Material provided Start Marker

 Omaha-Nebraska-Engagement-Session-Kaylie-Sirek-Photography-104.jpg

Material provided End Marker
Material provided Start Marker

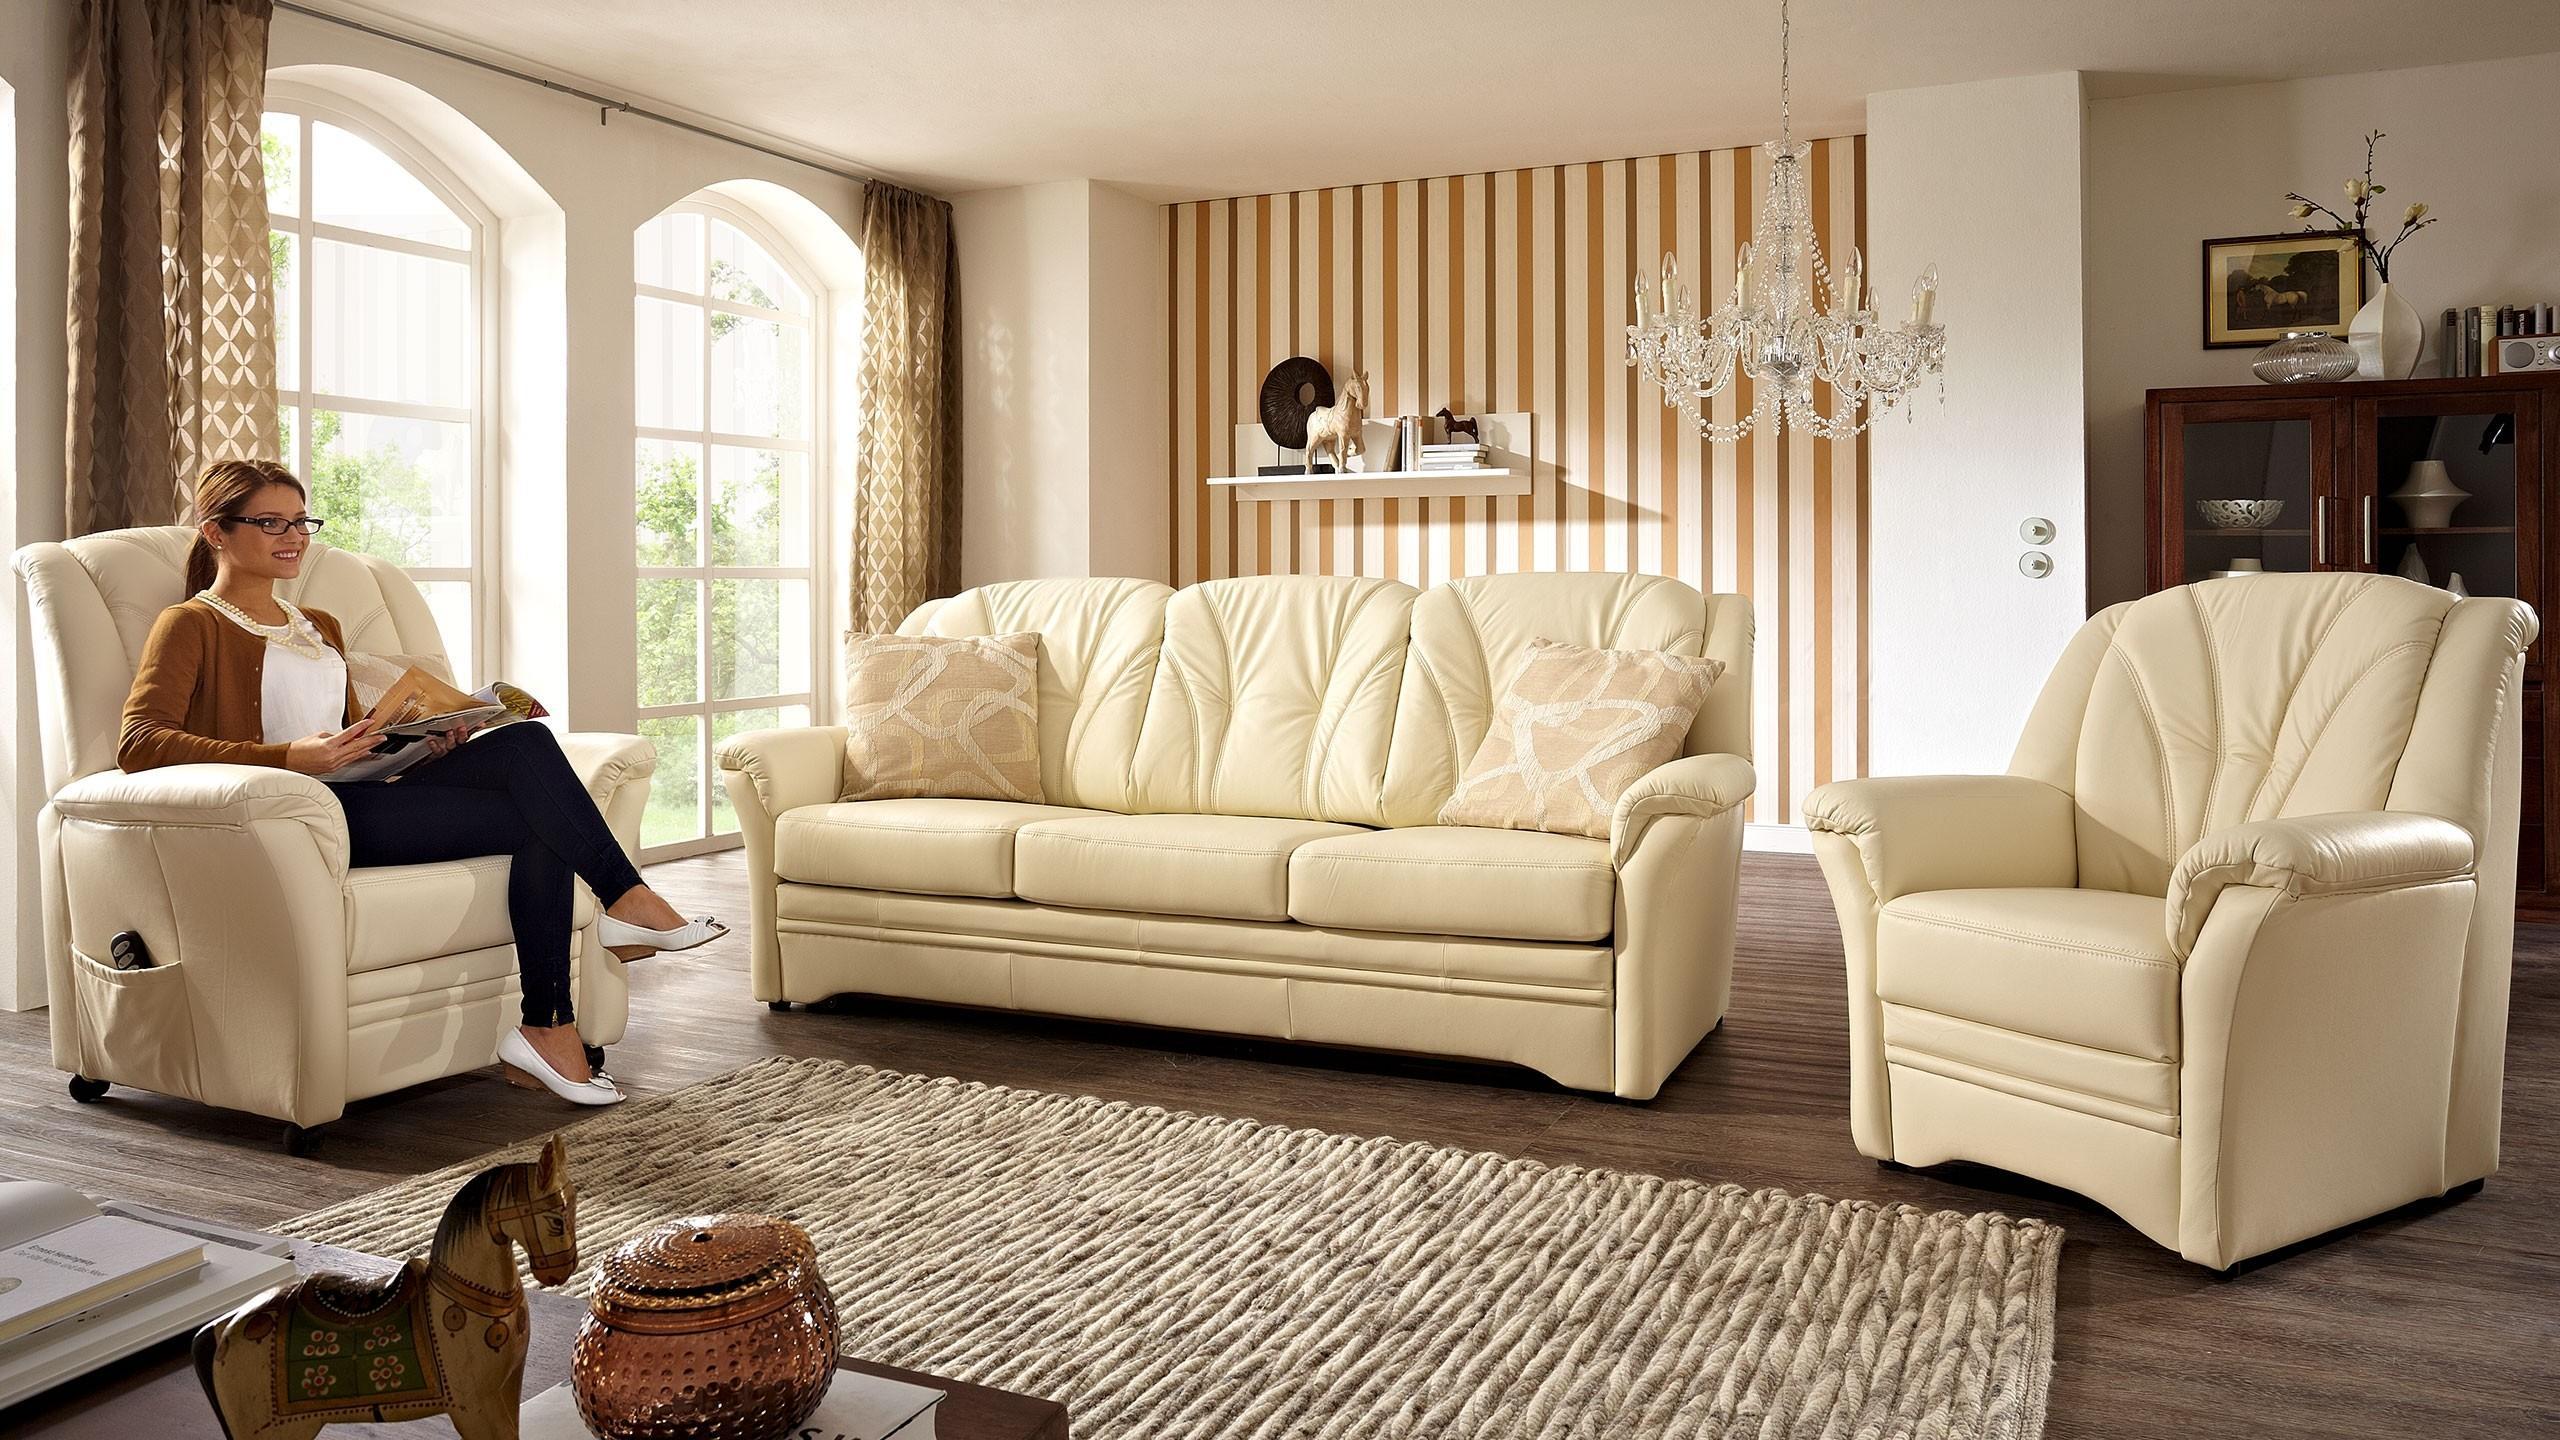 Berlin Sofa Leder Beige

Material provided End Marker
Material provided Start Marker

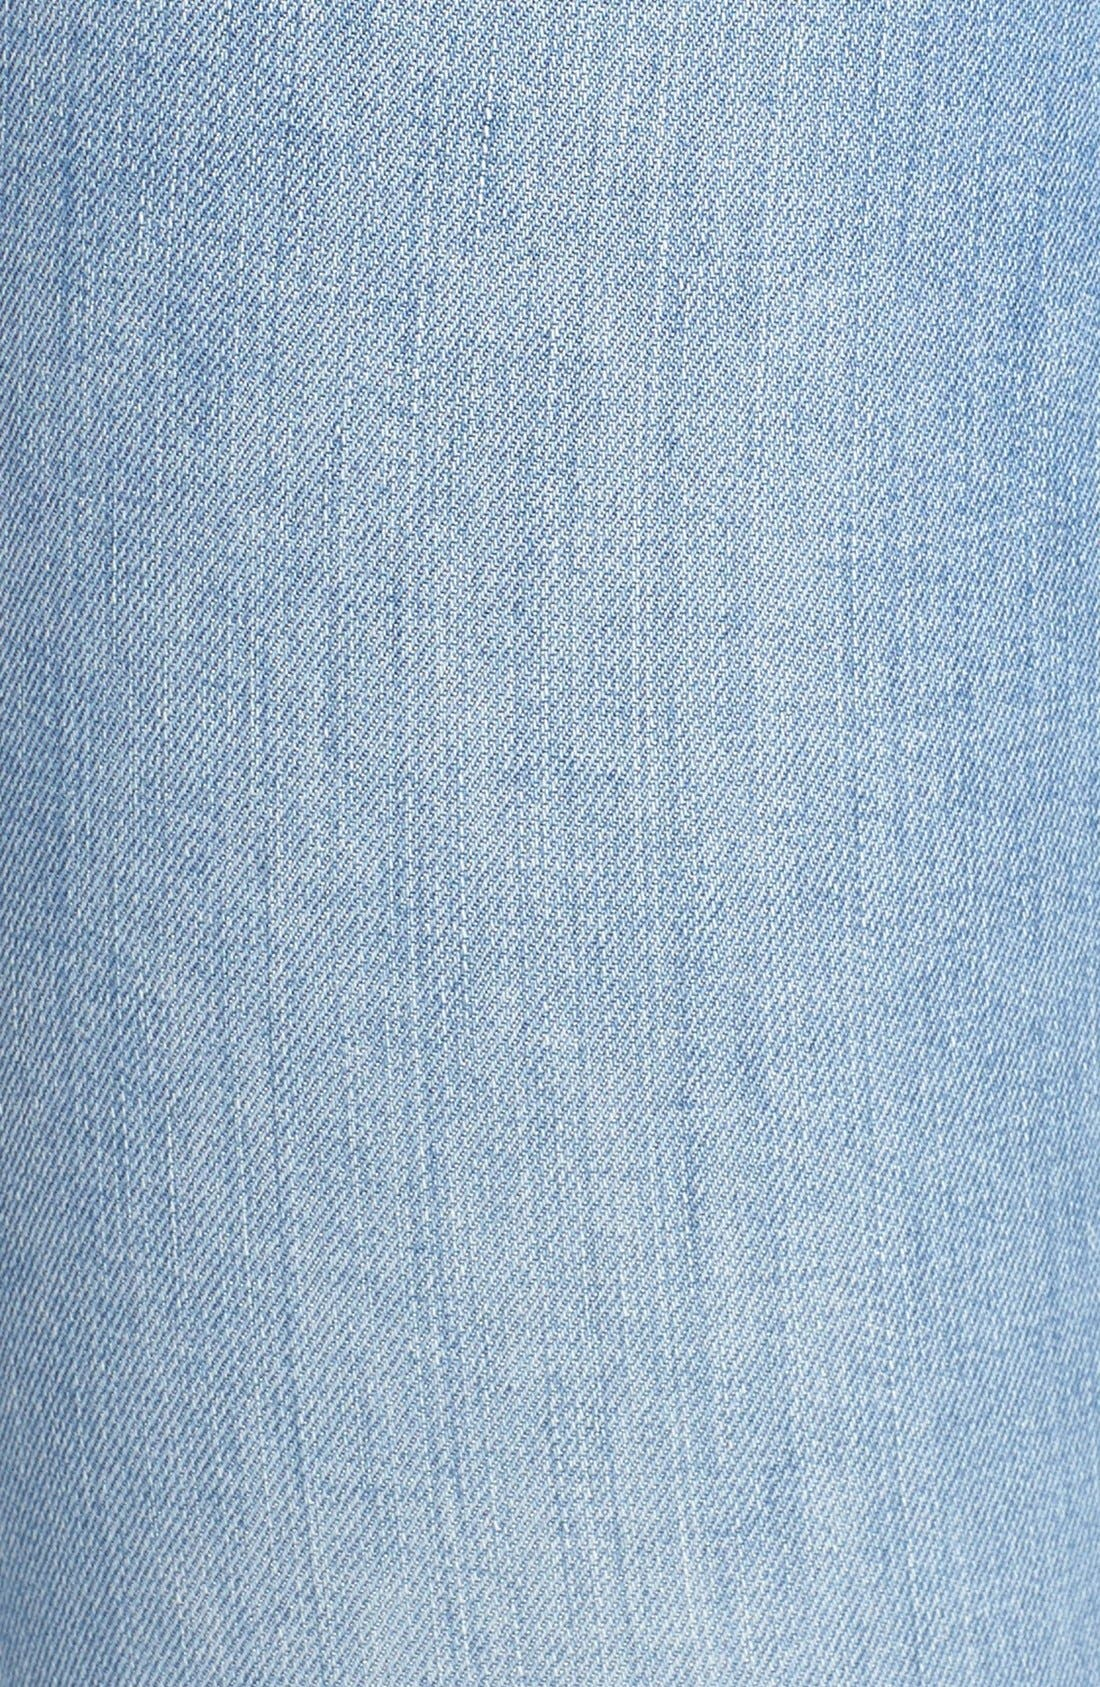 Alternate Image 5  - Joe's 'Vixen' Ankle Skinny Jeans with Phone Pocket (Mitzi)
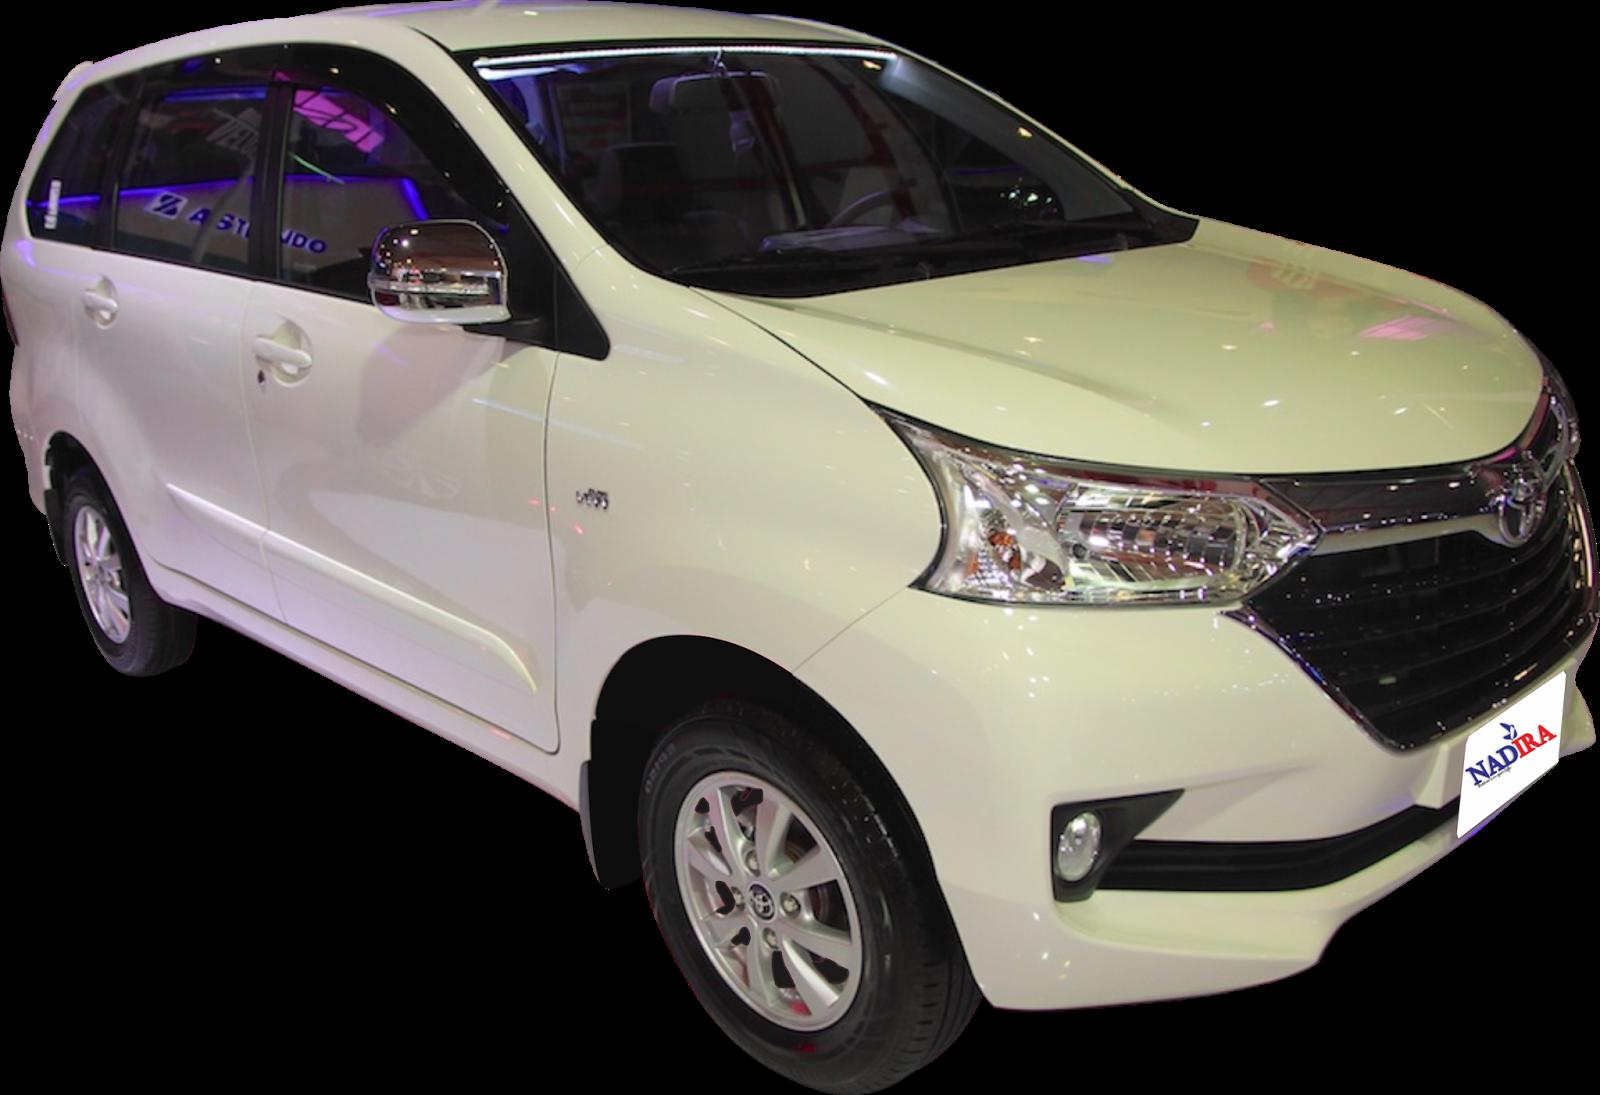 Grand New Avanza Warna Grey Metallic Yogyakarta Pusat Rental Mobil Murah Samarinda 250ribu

Material provided End Marker

### Action item
The expected output is the lines above from the one containing "Alternate Image 5" to the one containing "Grand New Avanza", both ends included, reproduced exactly with every picture left out.

### Your solution
 Alternate Image 5  - Joe's 'Vixen' Ankle Skinny Jeans with Phone Pocket (Mitzi)
 Grand New Avanza Warna Grey Metallic Yogyakarta Pusat Rental Mobil Murah Samarinda 250ribu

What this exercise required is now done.